27He answered, ‘You shall love the Lord your God with all your heart, and with all your soul, and with all your strength, and with all your mind; and your neighbour as yourself.’

That is a classic Jewish answer.

The point is that the whole of the law is capable of being summarised in two clauses. This is the nub of the matter.

Jesus sees it in exactly that way.

28And he said to him, ‘You have given the right answer; do this, and you will live.’

Notice, Jesus does not say. Do this and you will get to heaven. Do this, he says and you will live, you will have life in all its fullness. Life not bounded by death, Life that is one with God.

What’s going on here is I think fascinating. It is something very Jewish. Jesus grew up steeped in the Scriptures of the Hebrew Bible from his mother’s knee. Remember when he was 12 how he got lost and was found in the temple. When he was found he was with the teachers – these very people who were themselves steeped in the law. And he was listening to them and asking them questions. From 12 to 30 he went week by week to the synagogue. That was where you didn’t just hear the Torah read, you heard teachers, rabbis, explaining it. You had the opportunity to listen and to ask questions – to talk through its meaning.

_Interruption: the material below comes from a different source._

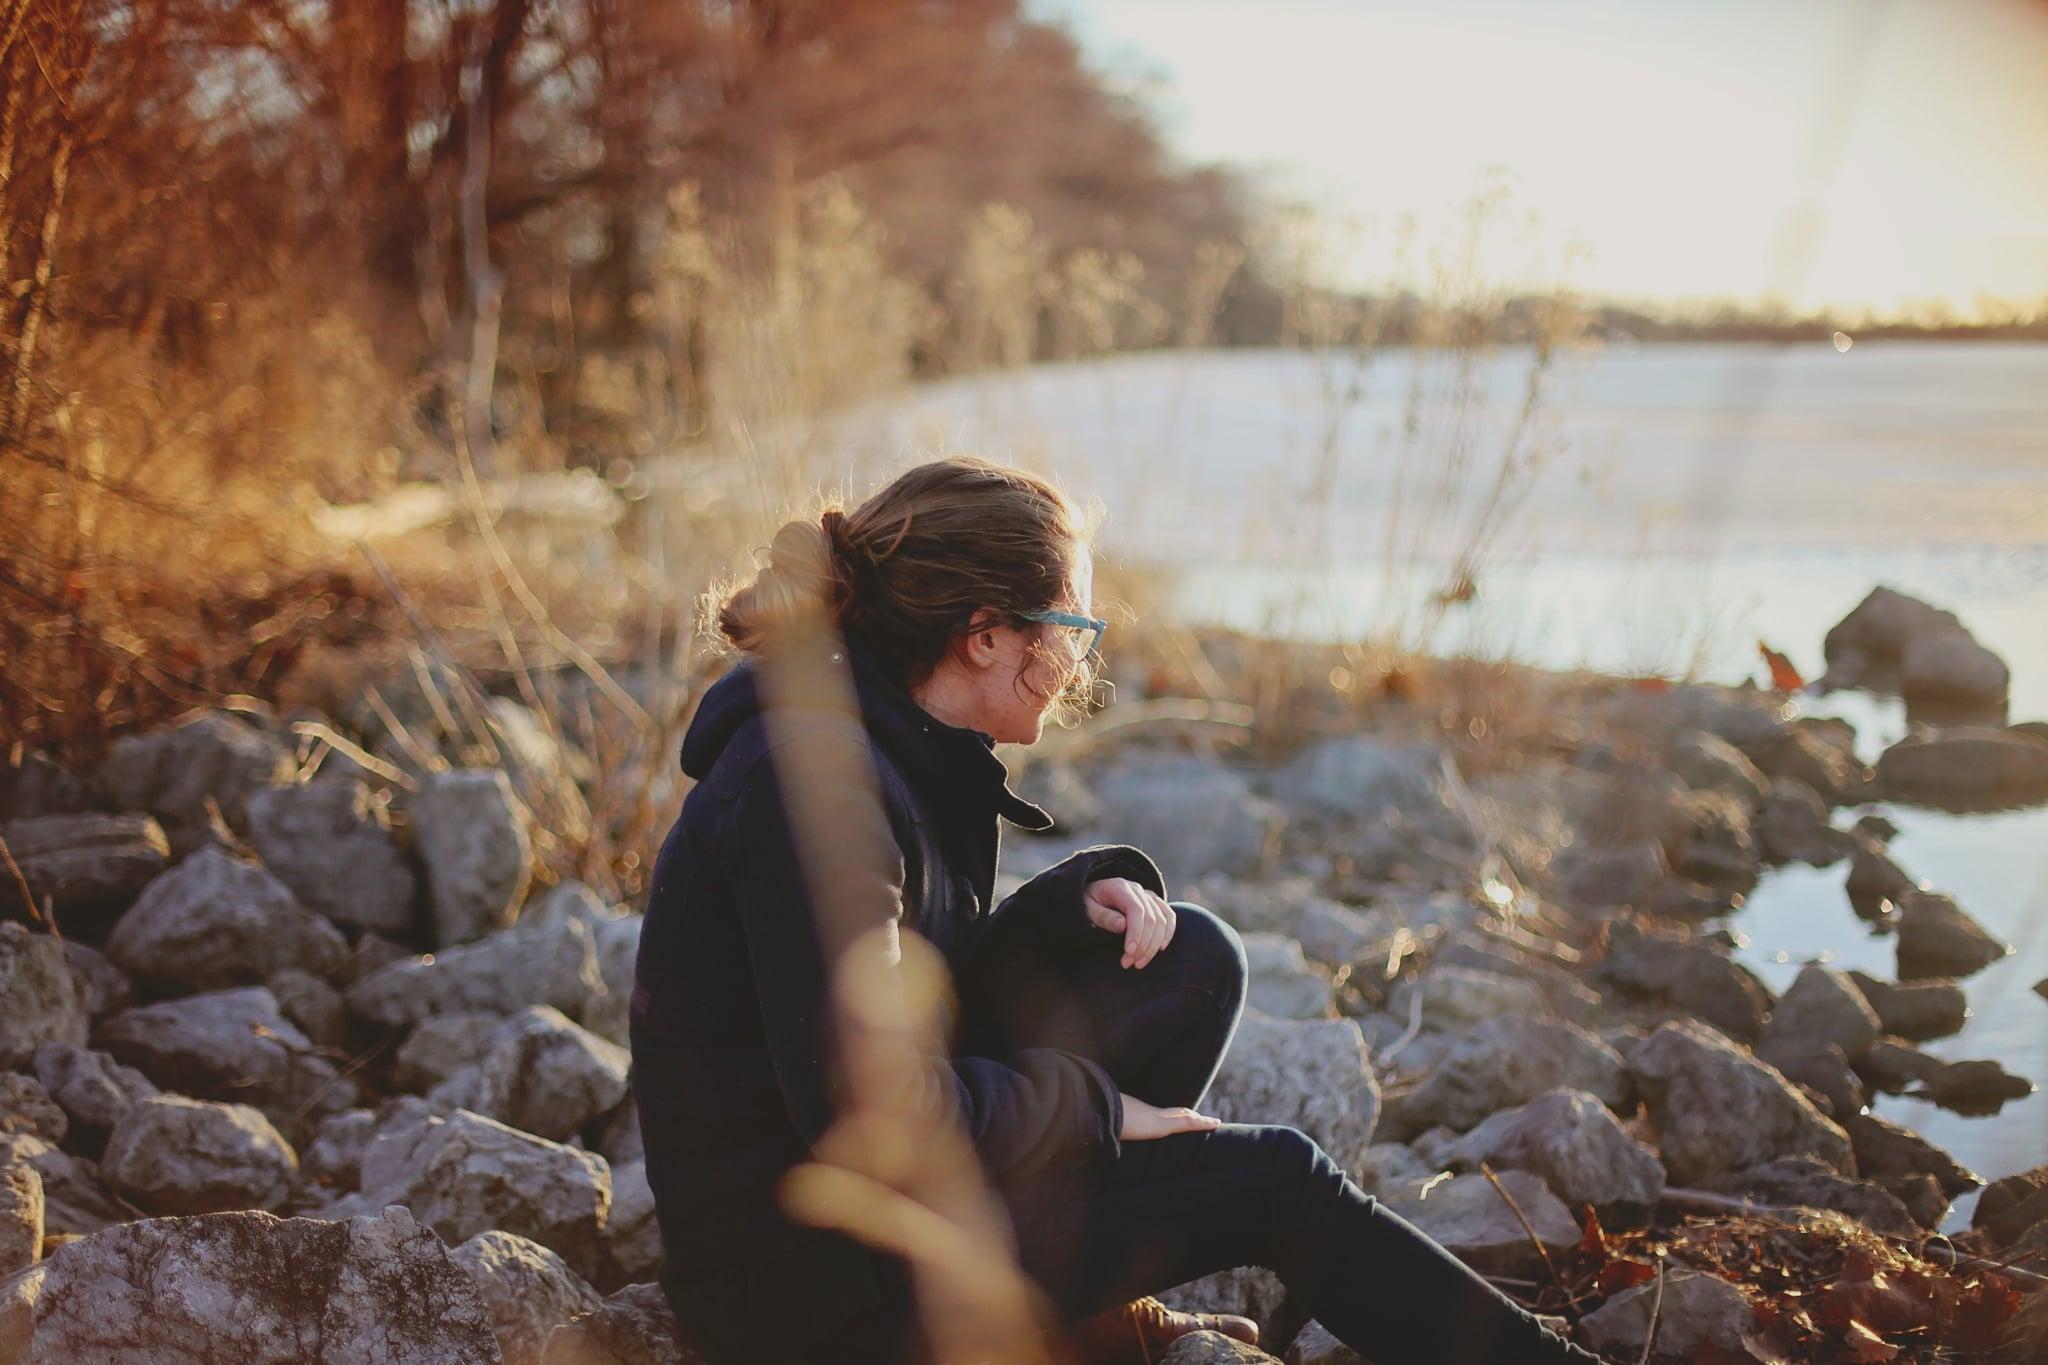 adult alone autumn

Jesus was more than this man’s equal in his deep and profound understanding of the Torah and more importantly of what is going on there.

What the nub of the matter is.

But this lawyer wants more.

29 But wanting to justify himself, he asked Jesus, ‘And who is my neighbour?’

Jesus responds with the best known of all stories. What is not so often appreciated is that this is again a classic way of teaching. To get across the meaning of scripture you don’t just spell out the literal meaning. You tell a story.

The story Jesus tells reaches its climax when he turns to this expert in the law and asks another question.

36Which of these three, do you think, was a neighbour to the man who fell into the hands of the robbers?’ 37He said, ‘The one who showed him mercy.’

Mercy is one of the watchwords of the Scriptures – it is in fact a favourite in the Prophets it crops up time and again in the writings, in the Psalms. The teacher has got the point of the story.

Jesus said to him, ‘Go and do likewise.’

This is not just a challenge to social care. This is not just the great principle of inclusive love that breaks all barriers down. What we have here is an insight into the way Jesus sets about the task of reading the books of the Law in what we regard as the Old Testament.

You cannot simply concentrate on what is written. You have to go to the heart of what you read there. And at the heart of the Torah is Love, Love for God, Love for Neighbour. And neighbour includes all. It is all about ‘doing’ mercy.

Tackling Bullying in Schools – A Governor’s Guide runs to 20 pages of detailed guidance on ways to deal with one of the worst kinds of behaviours that every generation will discover for itself.

I could tell you what’s written there. And you would find it interesting.

Perhaps more valuable is for me to tell you what I read there.

What I read there is simply this.

Do to others what you would have others do to you.

Come to think of it didn’t someone else suggests that that is nothing less than the law and the prophets!